Berikut ini penjelasannya secara ringkas:

1. Faktor Internal
    a. Faktor Kepribadian
        Kepribadian adalah suatu organisasi yang dinamis pada system psikosomatis dalam individu yang turut menentukan caranya yang unik dalam menyesuaikan dirinya dengan lingkungannya (biasanya disebut karakter psikisnya).  Masa remaja dikatakan sebagai suatu masa yang berbahaya. Pada periode ini, seseorang meninggalkan masa anak-anak untuk menuju masa dewasa. Masa ini di rasakan sebagai suatu Krisis identitas karena belum adanya pegangan, sementara kepribadian mental untuk menghindari timbulnya kenakalan remaja atau perilaku menyimpang.

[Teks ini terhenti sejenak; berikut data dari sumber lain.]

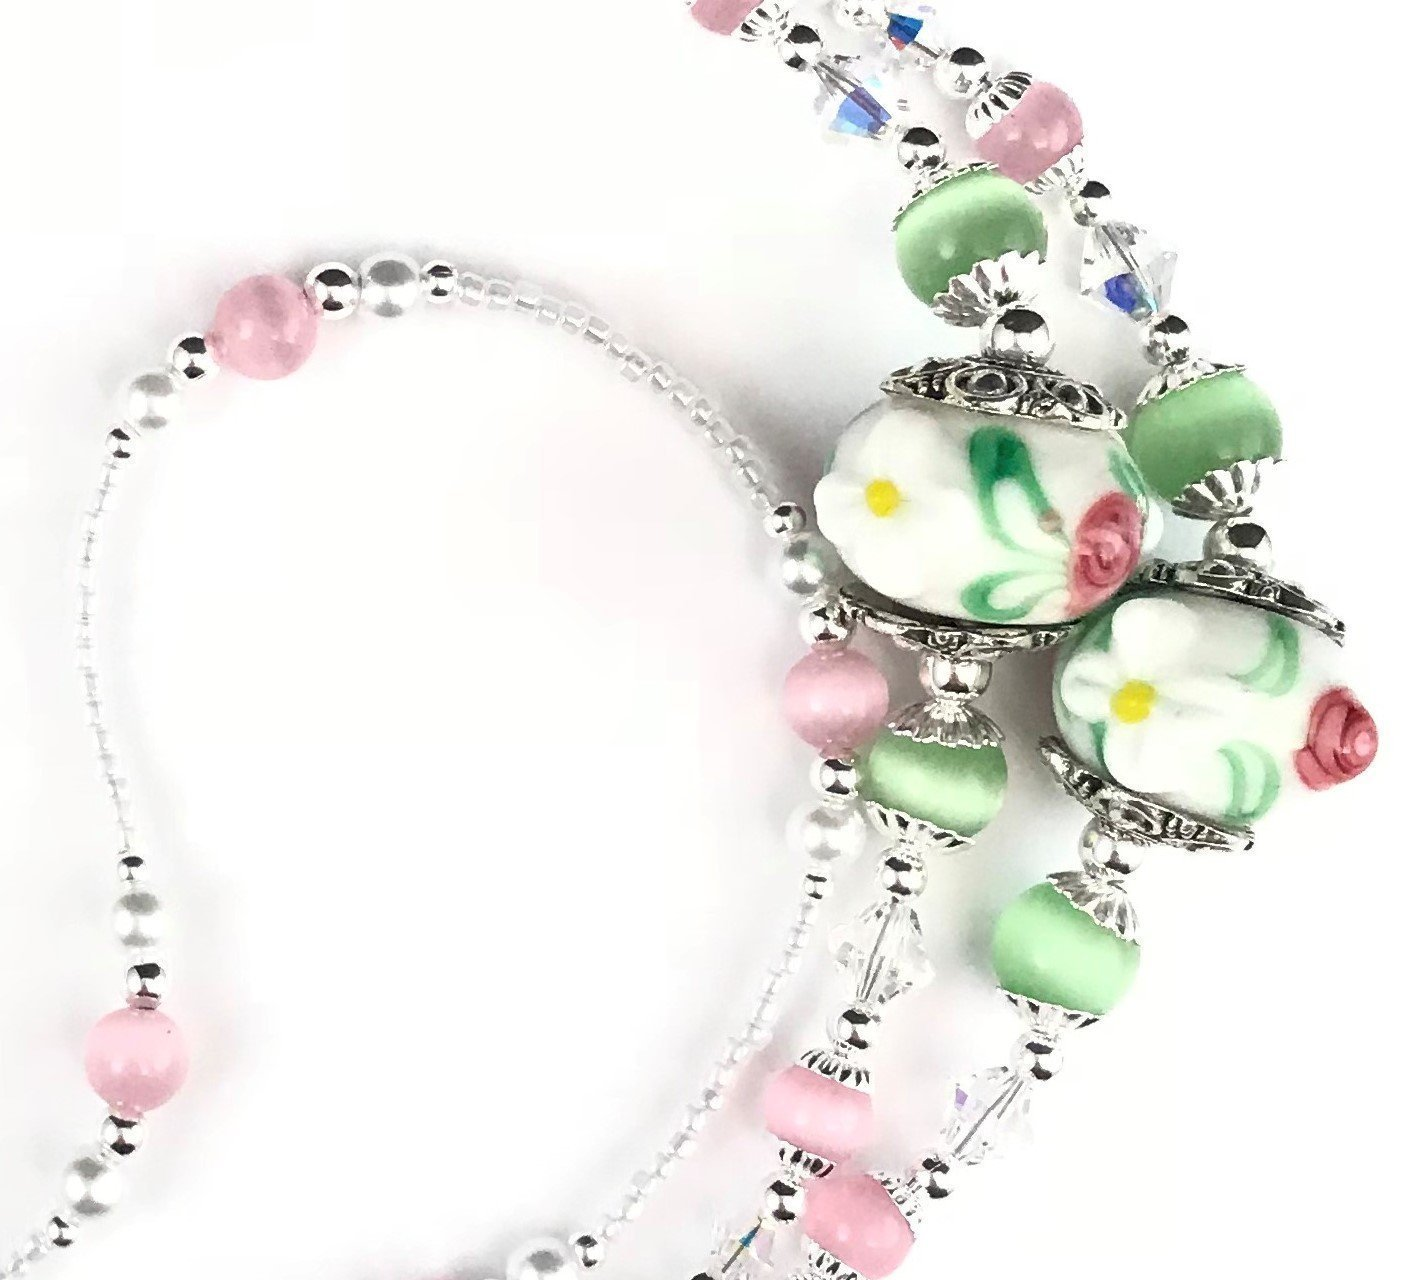 ba307d7b98e21 Beaded Lanyard Badge ID Holder~Roses & Daisies~Swarovski Crystal ...

    b. Faktor Kondisi Fisik
        Faktor ini dapat mencakup segi cacat atau tidaknya secara fisik dan segi jenis kelamin. Ada suatu teori yang menjelaskan adanya kaitan antara cacat tubuh dengan tindakan menyimpang (meskipun teori ini belum teruji secara baik dalam kenyataan hidup).  Menurut teori ini, seseorang yang sedang mengalami cacat fisik cenderung mempunyai rasa kecewa terhadap kondisi hidupnya. Kekecewaan tersebut apabila tidak disertai dengan pemberian bimbingan akan menyebabkan si penderita cenderung berbuat melanggar tatanan hidup bersama sebagai  perwujudan kekecewaan akan kondisi tubuhnya.
    c. Faktor Status dan Peranannya di Masyarakat
        Seseorang anak yang pernah berbuat menyimpang terhadap hukum yang berlaku, setelah selesai menjalankan proses sanksi hukum (keluar dari penjara), sering kali pada saat kembali ke masyarakat status atau sebutan “eks narapidana” yang diberikan oleh masyarakat sulit terhapuskan sehingga anak tersebut kembali melakukan tindakan penyimpangan hukum karena meresa tertolak dan terasingkan.
    d. Krisis identitas
        Perubahan biologis dan sosiologis pada diri remaja memungkinkan terjadinya dua bentuk integrasi. Pertama, terbentuknya perasaan akan konsistensi dalam kehidupannya. Kedua, tercapainya identitas peran. Kenakalan remaja terjadi karena remaja gagal mencapai masa integrasi kedua.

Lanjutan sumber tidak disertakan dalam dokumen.